=== About this task ===
When you restate the data, keep every word as it is and drop the images.

=== Supplied material ===

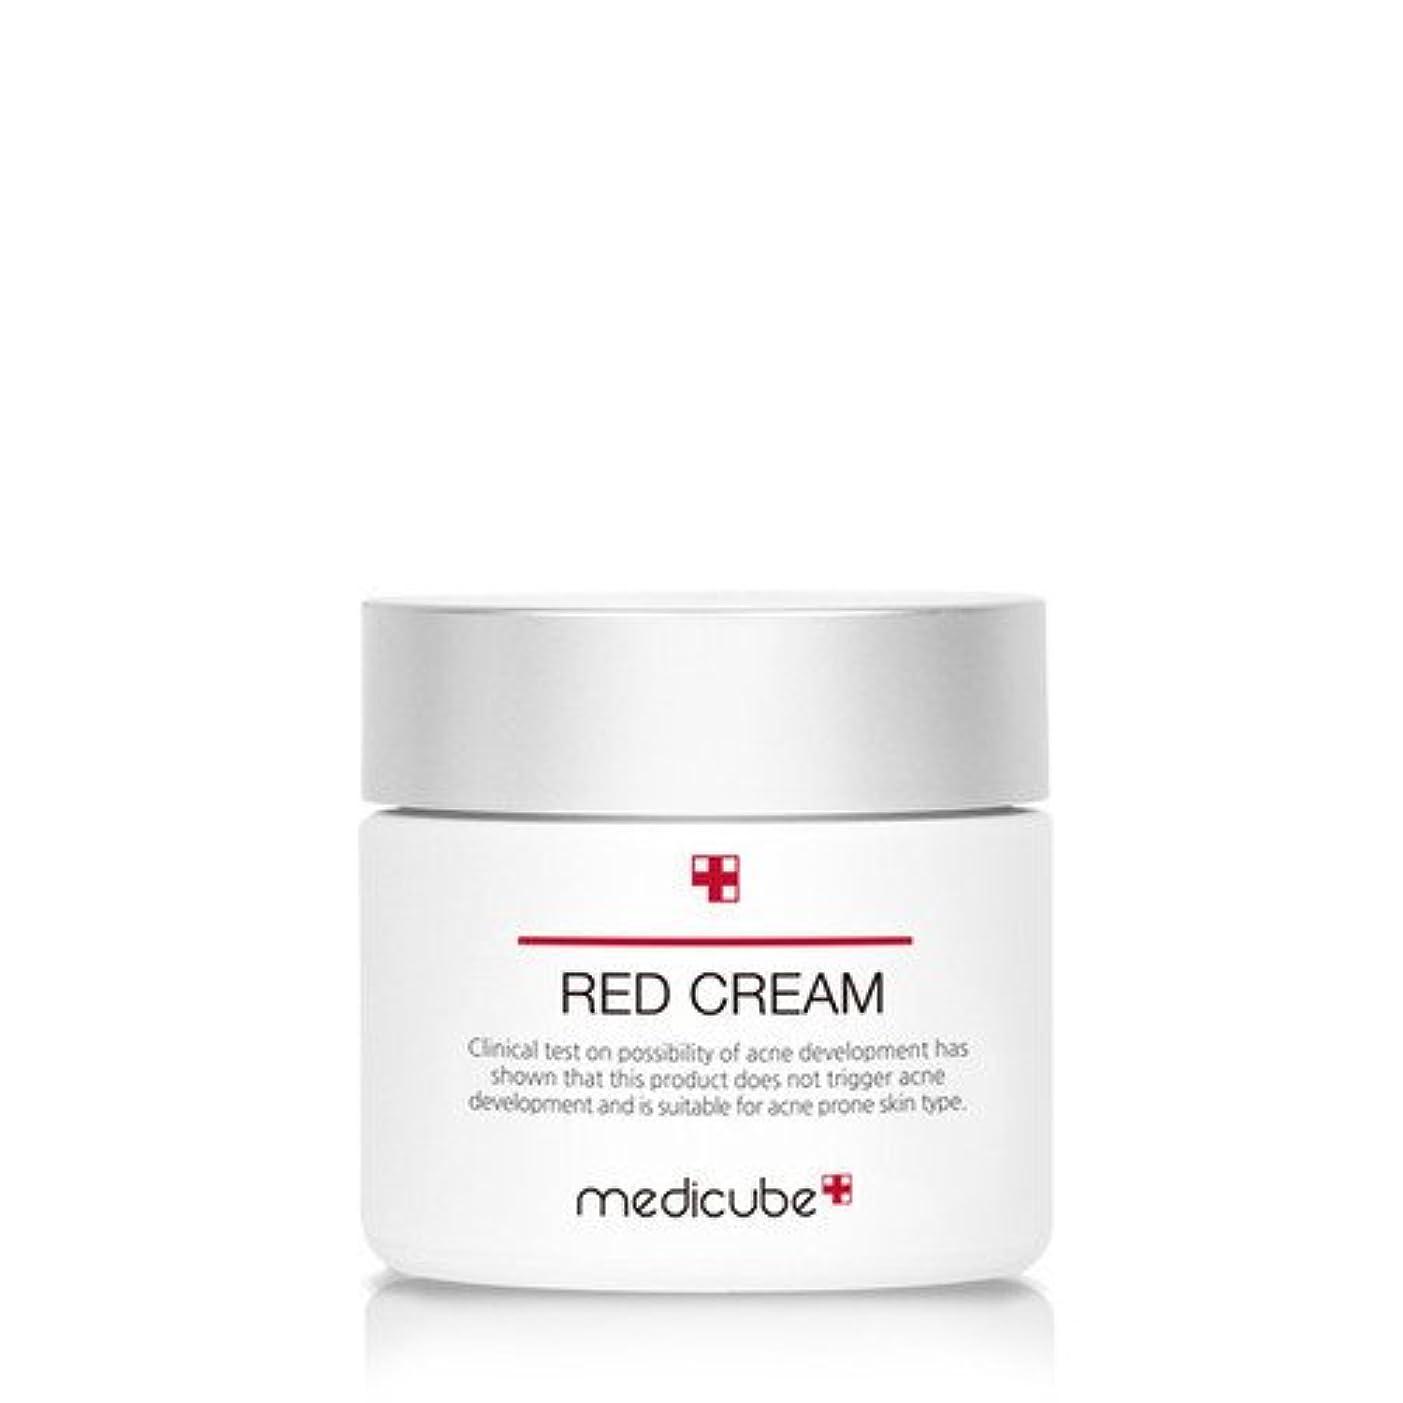 苛性ショップ遺伝子[Medicube]メディキューブ レッドクリーム 50ml / Medicube Red Cream 50ml / 正品?海外直送商品 [並行輸入品]
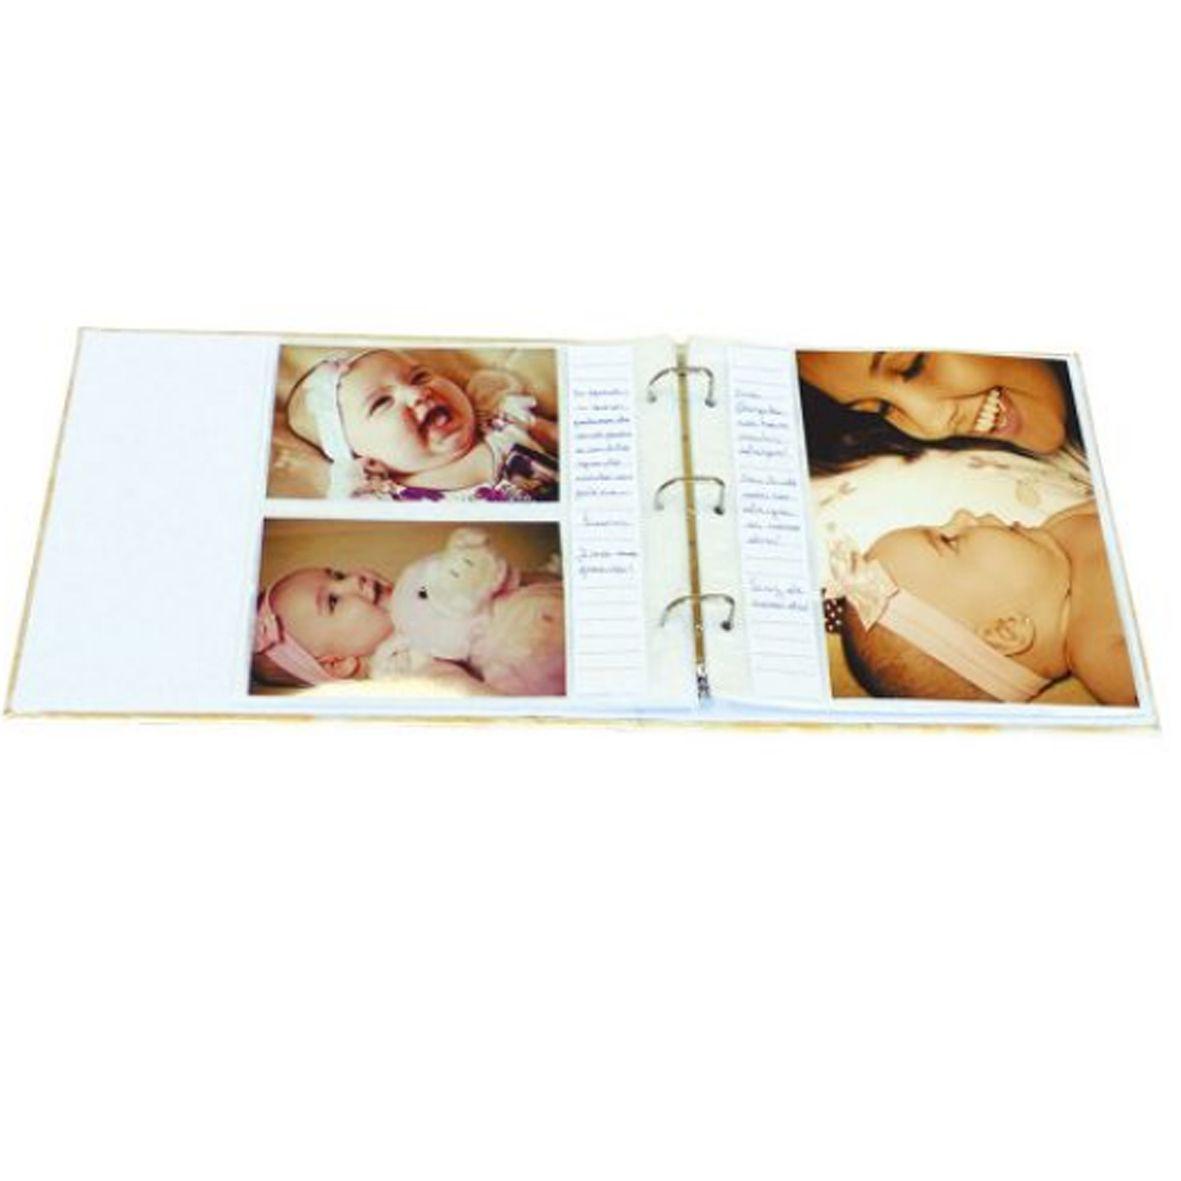 Álbum do bebe 120 fotos 10x15 Ical 09
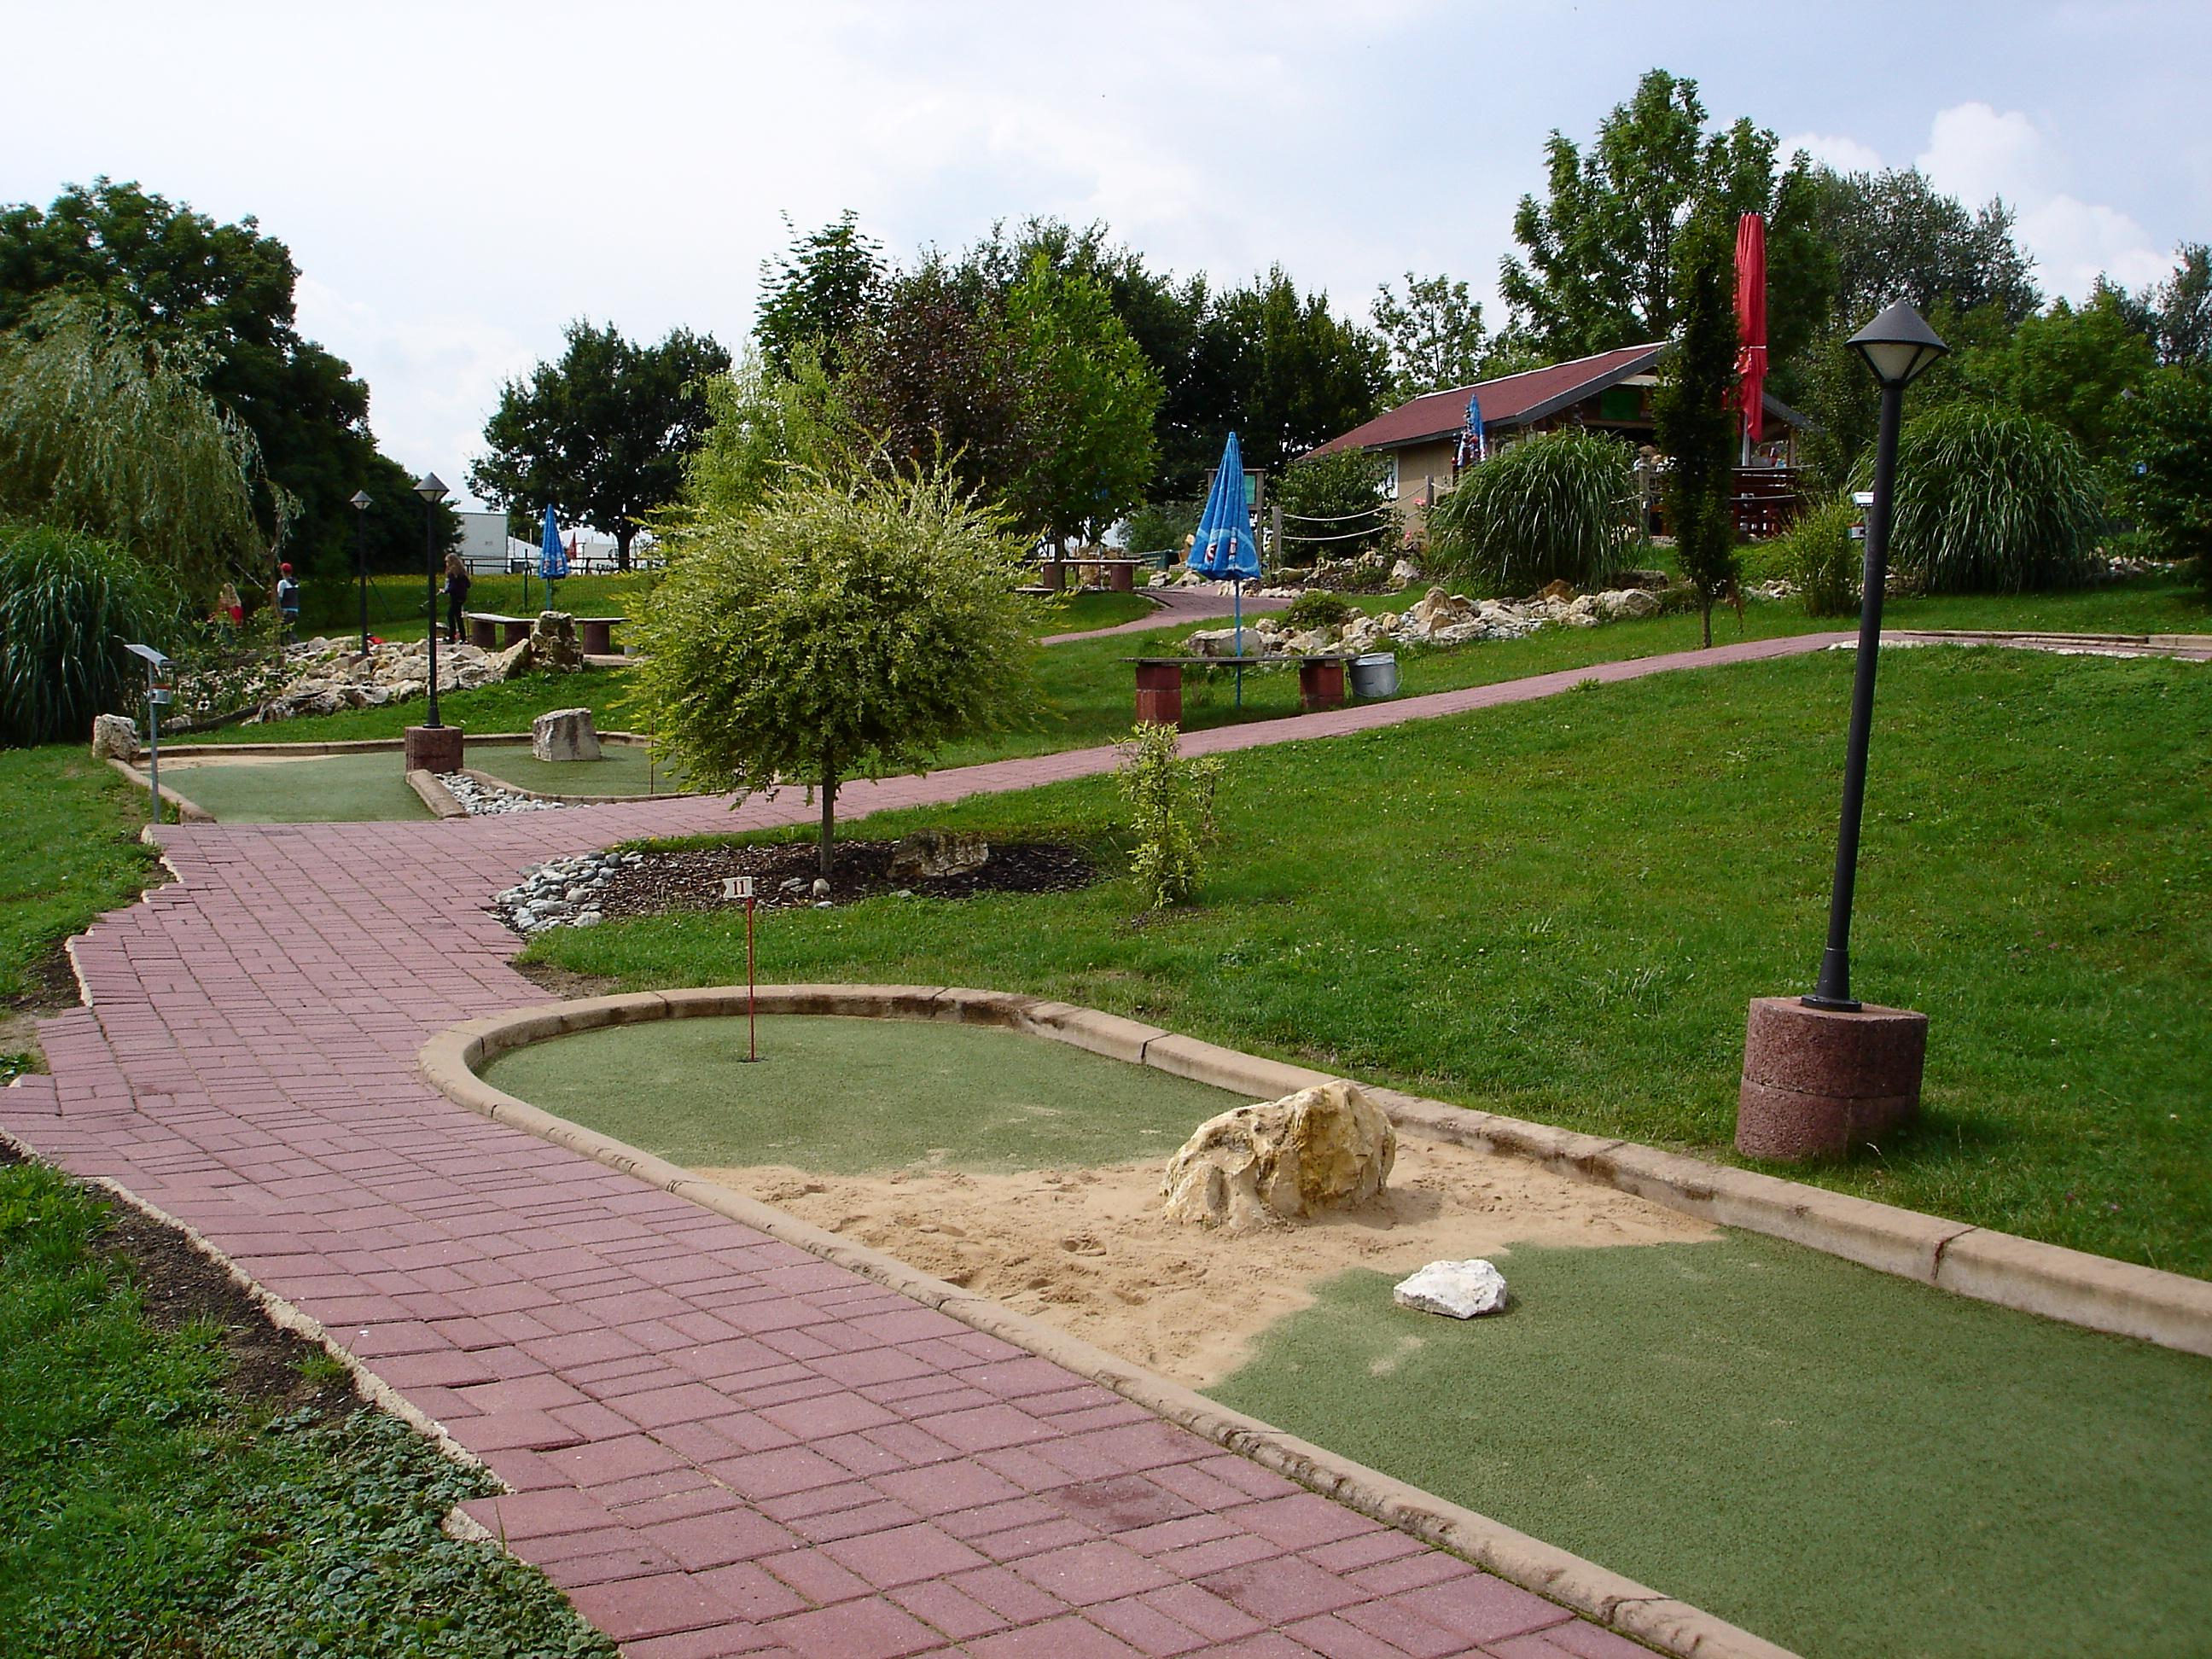 Minigolfplatz am Altmühlsee

=== Your solution ===
 苛性ショップ遺伝子[Medicube]メディキューブ レッドクリーム 50ml / Medicube Red Cream 50ml / 正品?海外直送商品 [並行輸入品]
 Álbum do bebe 120 fotos 10x15 Ical 09
 Minigolfplatz am Altmühlsee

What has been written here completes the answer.